Thursday, March 9, 2023

ESG, a poisoned chalice

An update on the ESG fraud, illegality, and under-performance.  From The ‘Giant Grift’ That Swallowed Wall Street—and Maybe Your Savings by Rupa Subramanya.  The subheading is ‘The only healthy endgame for ESG is another acronym: RIP. And it will not be a moment too soon.’

In 2022, eight of the top ten actively managed ESG funds in the United States fared worse than the S&P 500’s 14.8% decline—compounding long-percolating fears that ESG is a ruse.

[snip]

Over the past several months, however, the momentum has picked up. Now a growing cadre of executives, lawyers, and Republican officials has taken to lashing out against what it views as social justice parading as a serious investment strategy. The backlash reflects a growing sense that millions of Americans—those who do not subscribe to the new orthodoxy around DEI, the climate, and “stakeholder capitalism”—feel ignored by, and even at war with, the institutions charged with protecting their interests. 

Former attorney general William Barr, who served under Donald Trump, told me ESG is “a form of extortion” that is forcing “companies to take particular actions whether or not those actions are in the financial interests of shareholders.” 

What is most disturbing about ESG, Barr told me, is the way it’s being implemented. “It’s completely non-transparent,” he explained. “And that, to me—that’s the worst. That is affecting a lot of decisions in corporate America in a non-transparent way, because of the political predilections, or the policy predilections, of a small group of people who are not using their own money, but leveraging off other people’s money.”

[snip]

Aswath Damodaran, a finance professor at NYU’s Stern School of Business, said in an email: “ESG is a scam, an idea that was born in sanctimony, nurtured in hypocrisy and sold with sophistry. The inhabitants of this space are either useful idiots, who think that they are making a difference to society when they are, in fact, just pushing problems behind curtains, or feckless knaves, who use it to make money. The only healthy endgame for ESG is another acronym: RIP. And it will not be a moment too soon.”
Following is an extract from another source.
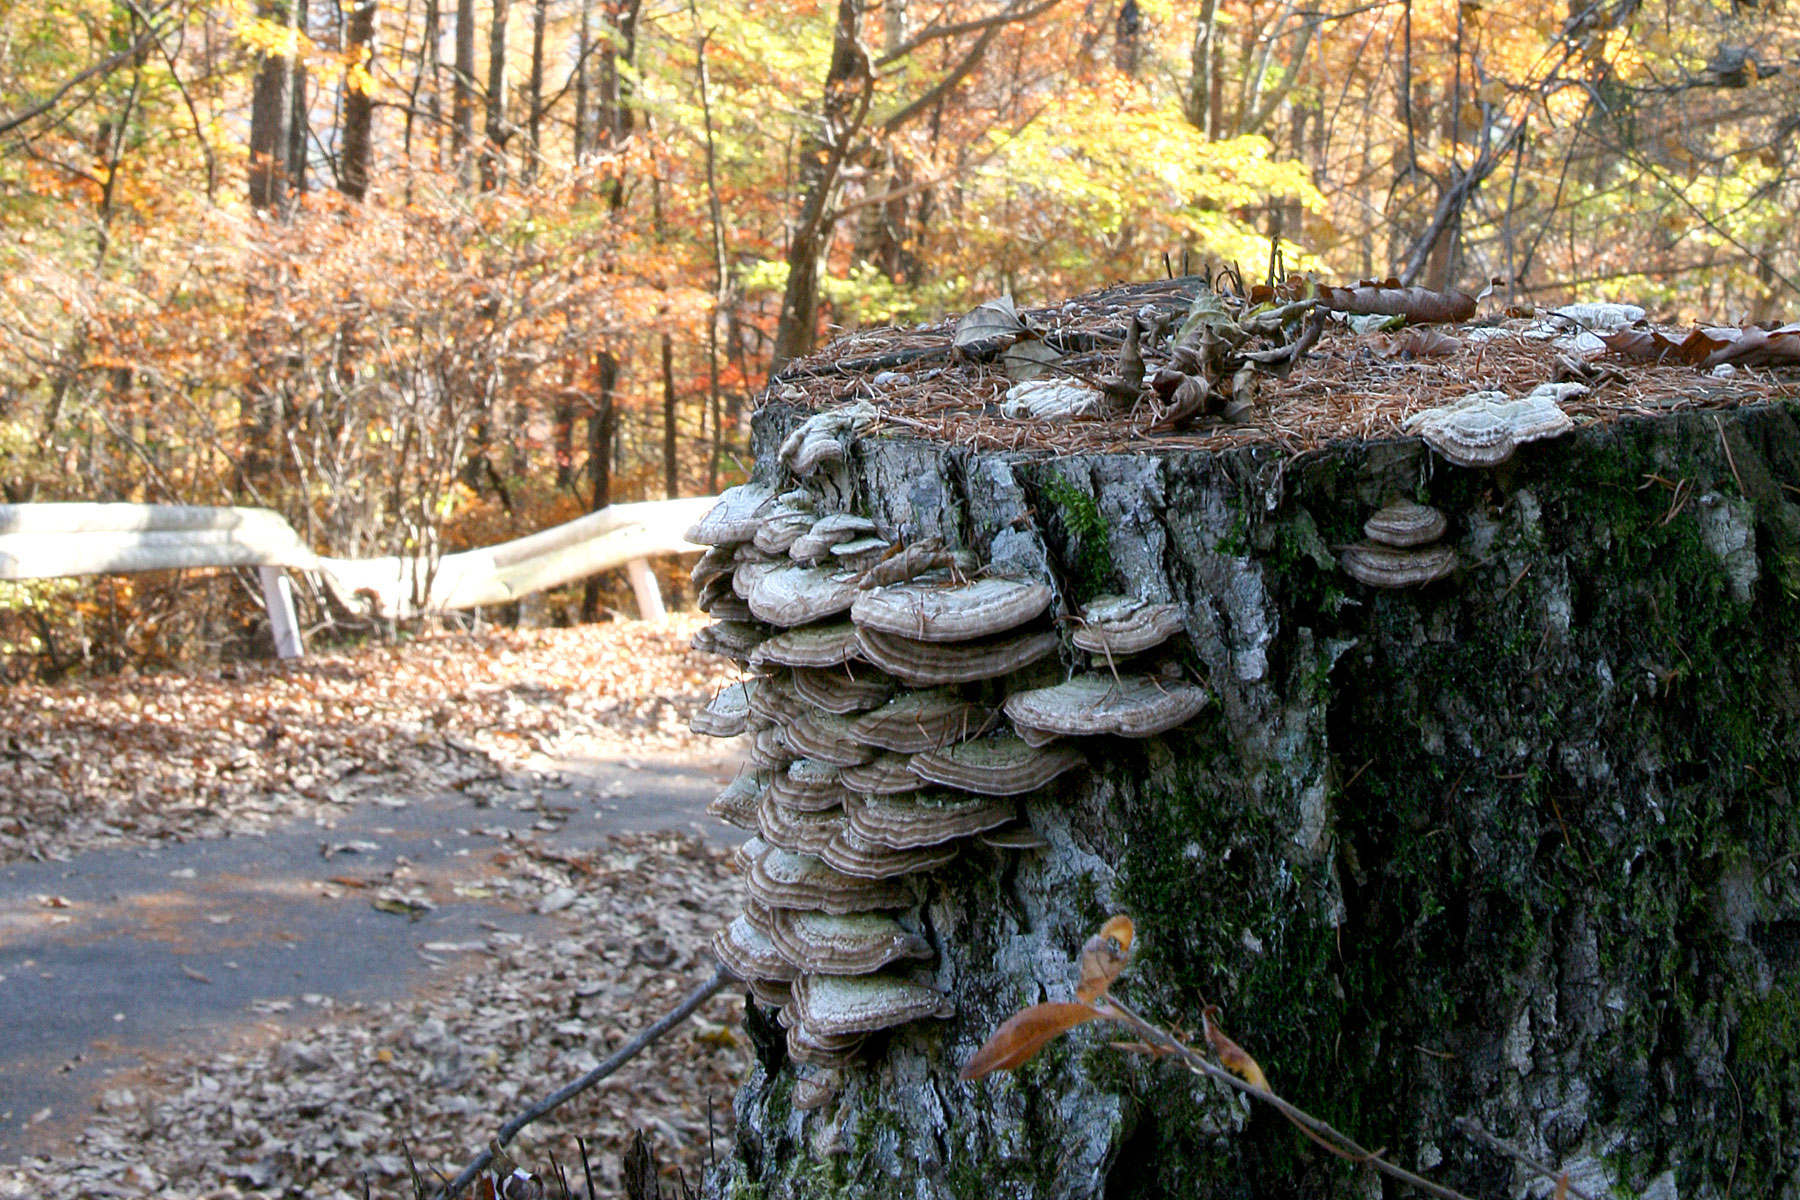 a tree stump in the woods has a large group of mushrooms growing on it
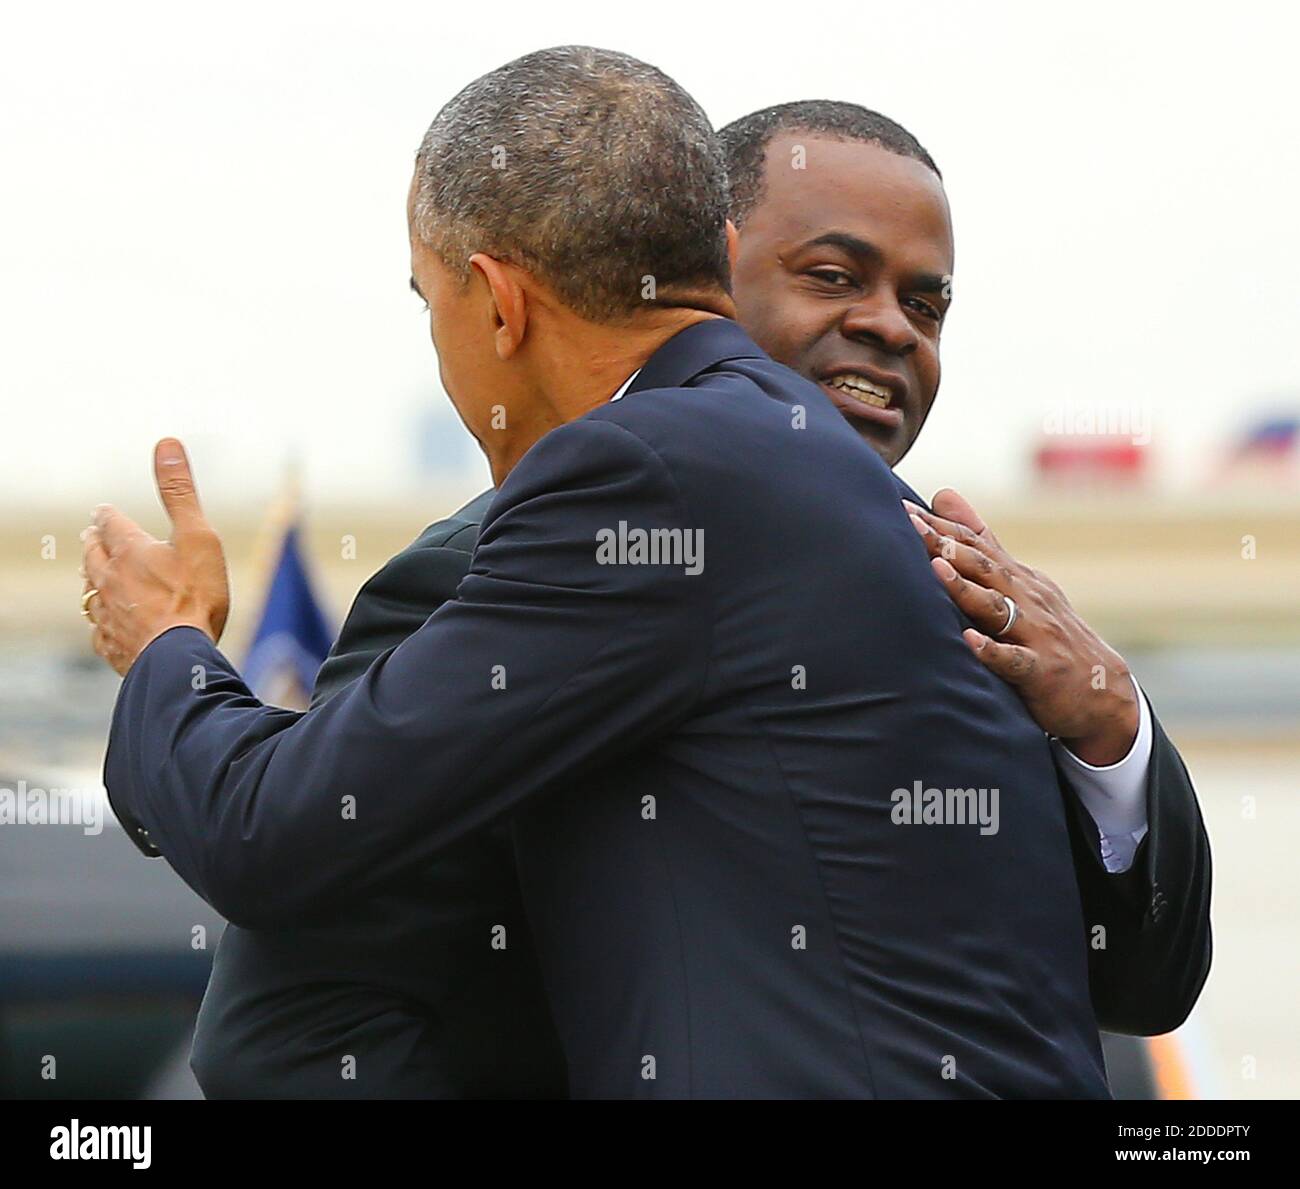 NO FILM, NO VIDEO, NO TV, NO DOCUMENTARY - Mayor Kasim Reed hugs President Barack Obama as he arrives at the airport on Tuesday, March 10, 2015, in Atlanta, GA, USA. Photo by Curtis Compton/Atlanta Journal-Constitution/TNS/ABACAPRESS.COM Stock Photo

The big question looming over ESG is whether it’s legal, given that asset managers like BlackRock have a fiduciary duty to maximize investment return.

[snip]

Nor do those funds generally achieve their goals. On the contrary, a 2021 Columbia University and London School of Economics study showed that 147 American companies that were part of ESG funds had worse compliance records when it came to labor and environmental rules than companies in 2,428 non-ESG portfolios.

We have unsustainable levels of deficits and national debt.  We have uncontrolled inflation.  We have demographic headwinds which potentially undermine various social welfare and savings programs.  We have real challenges around increasing economic productivity.  We have a surfeit of government programs unable to deliver the promised benefits used to justify their budgets.  

The last thing we need is some nonsensical ESG which at best is an excuse for baseless moral preening and at worst will destroy the capital upon which we all depend to fund growth, buffer us from exogenous shocks, and secure us in old age.